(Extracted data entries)
════════════════

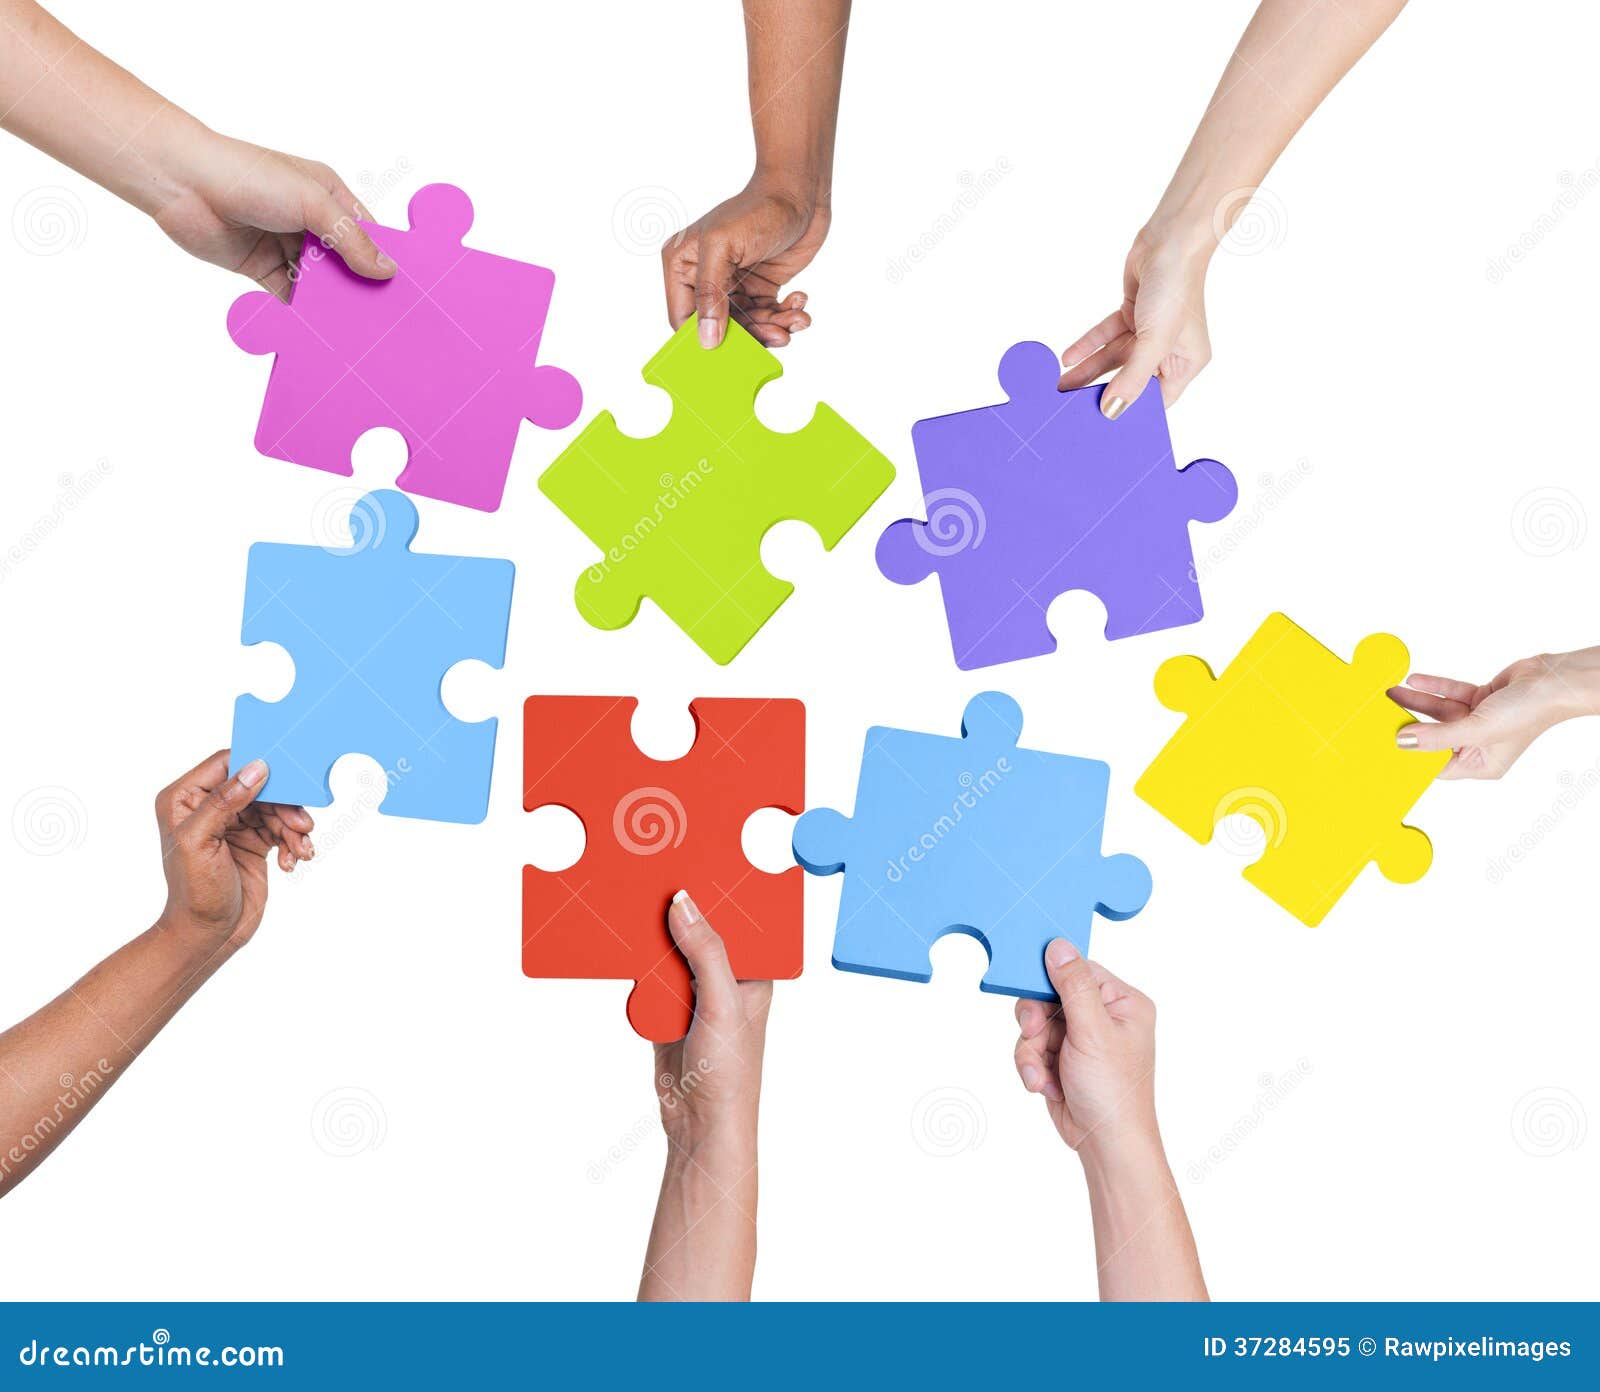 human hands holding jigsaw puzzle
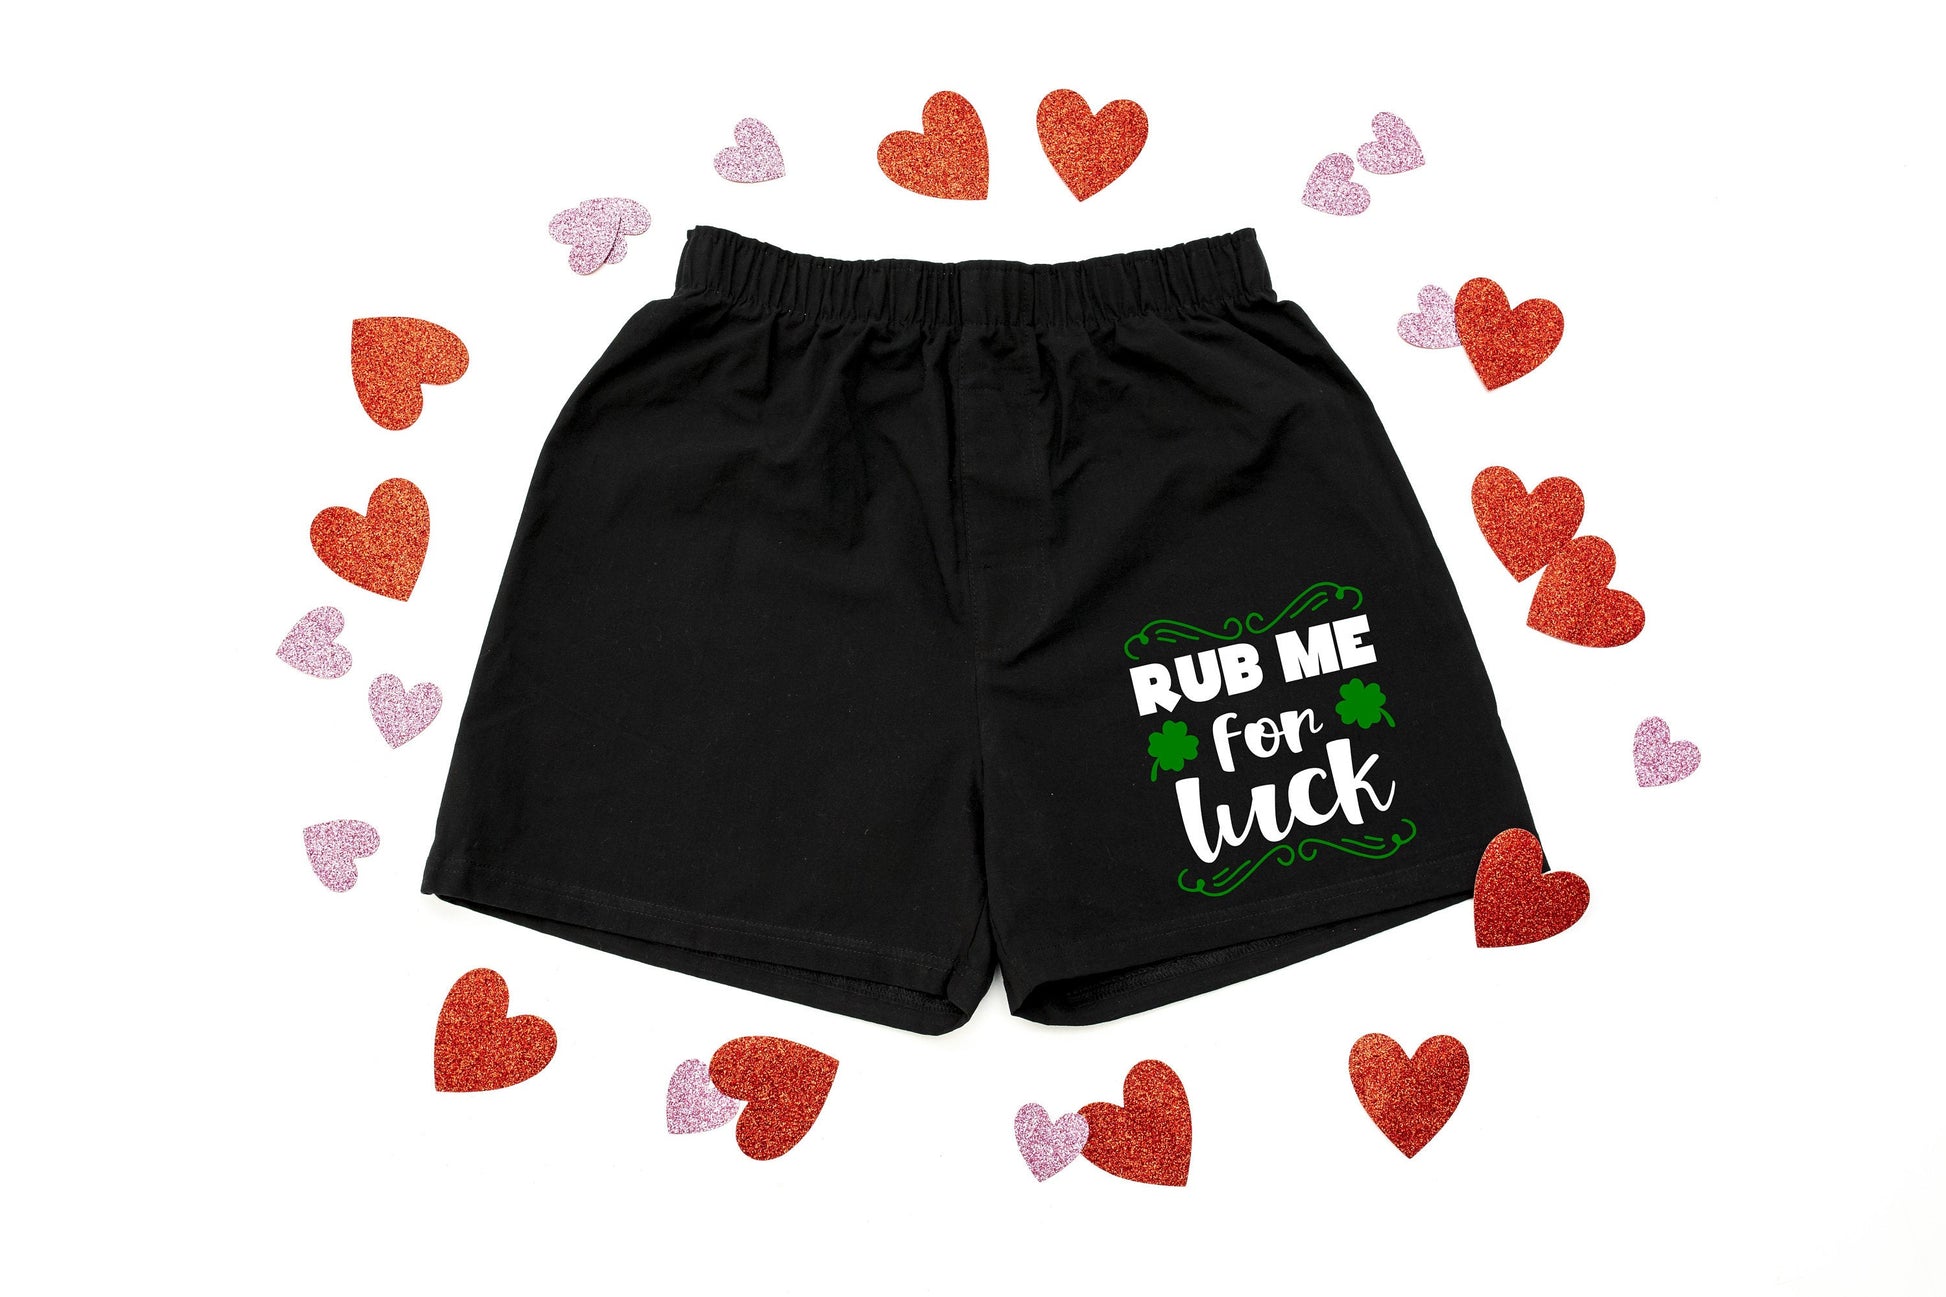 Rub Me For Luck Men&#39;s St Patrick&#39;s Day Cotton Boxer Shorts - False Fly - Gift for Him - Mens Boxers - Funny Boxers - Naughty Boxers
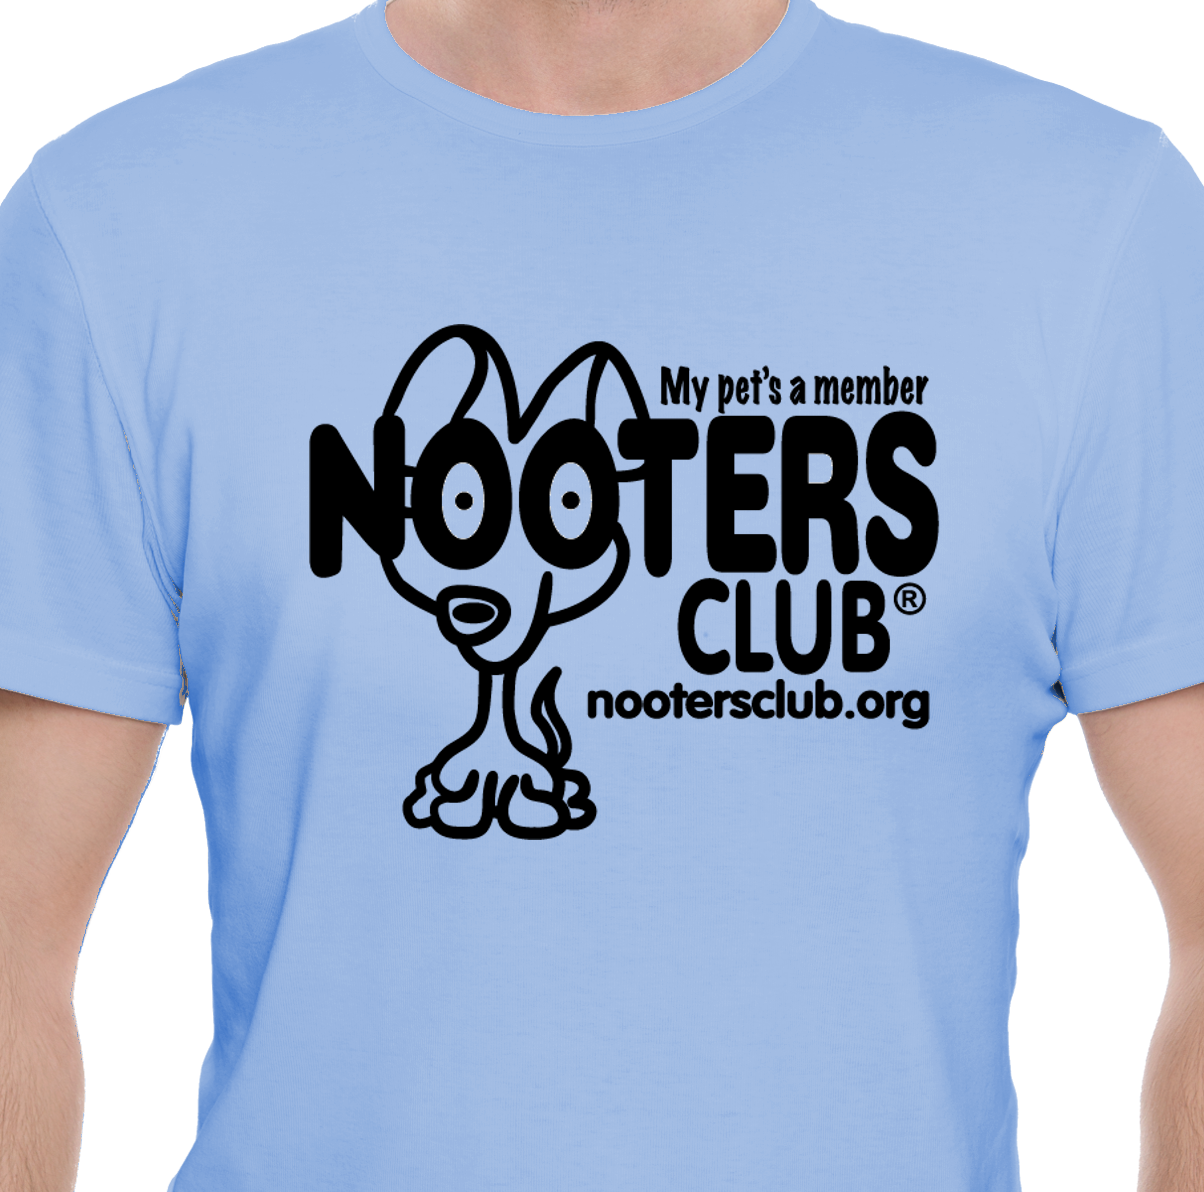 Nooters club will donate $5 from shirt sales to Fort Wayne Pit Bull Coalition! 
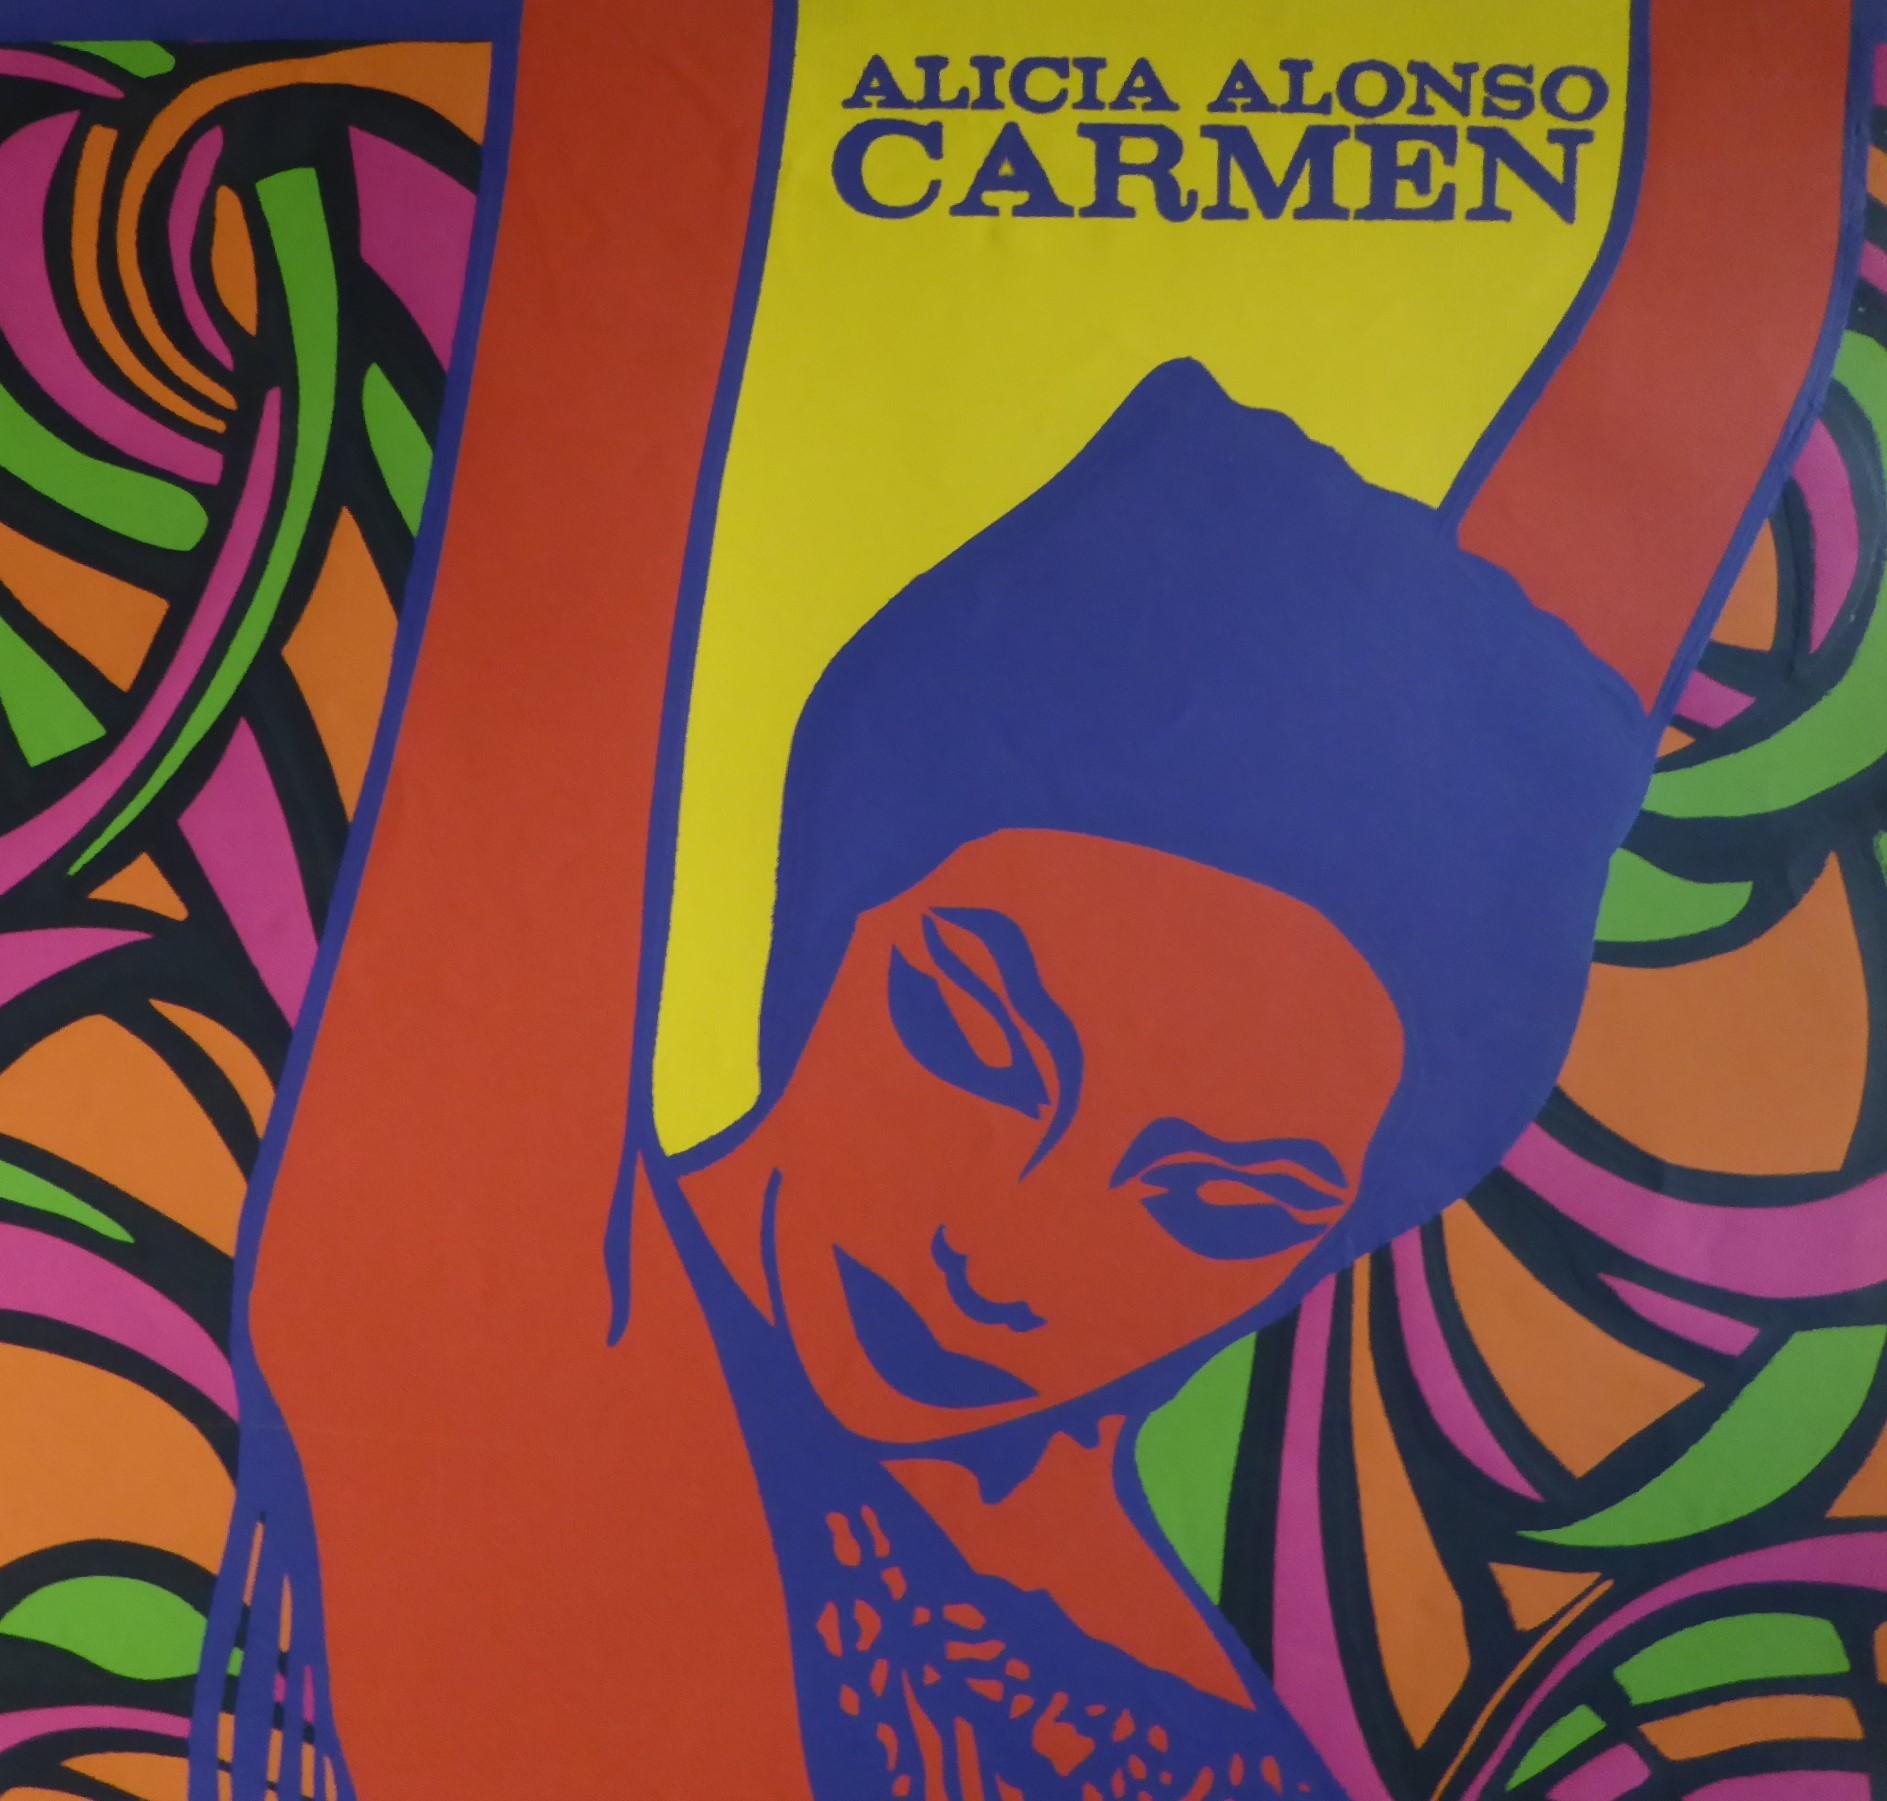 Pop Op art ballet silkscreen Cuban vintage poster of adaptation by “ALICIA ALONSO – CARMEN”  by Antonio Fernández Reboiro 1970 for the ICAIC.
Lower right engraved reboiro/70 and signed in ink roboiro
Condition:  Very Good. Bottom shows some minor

════════════════

[Exercise prompt] What is needed is a word-for-word restatement of every line from the one with "Lower right engraved" to the end of the entries above.

[Task response]
Lower right engraved reboiro/70 and signed in ink roboiro
Condition:  Very Good. Bottom shows some minor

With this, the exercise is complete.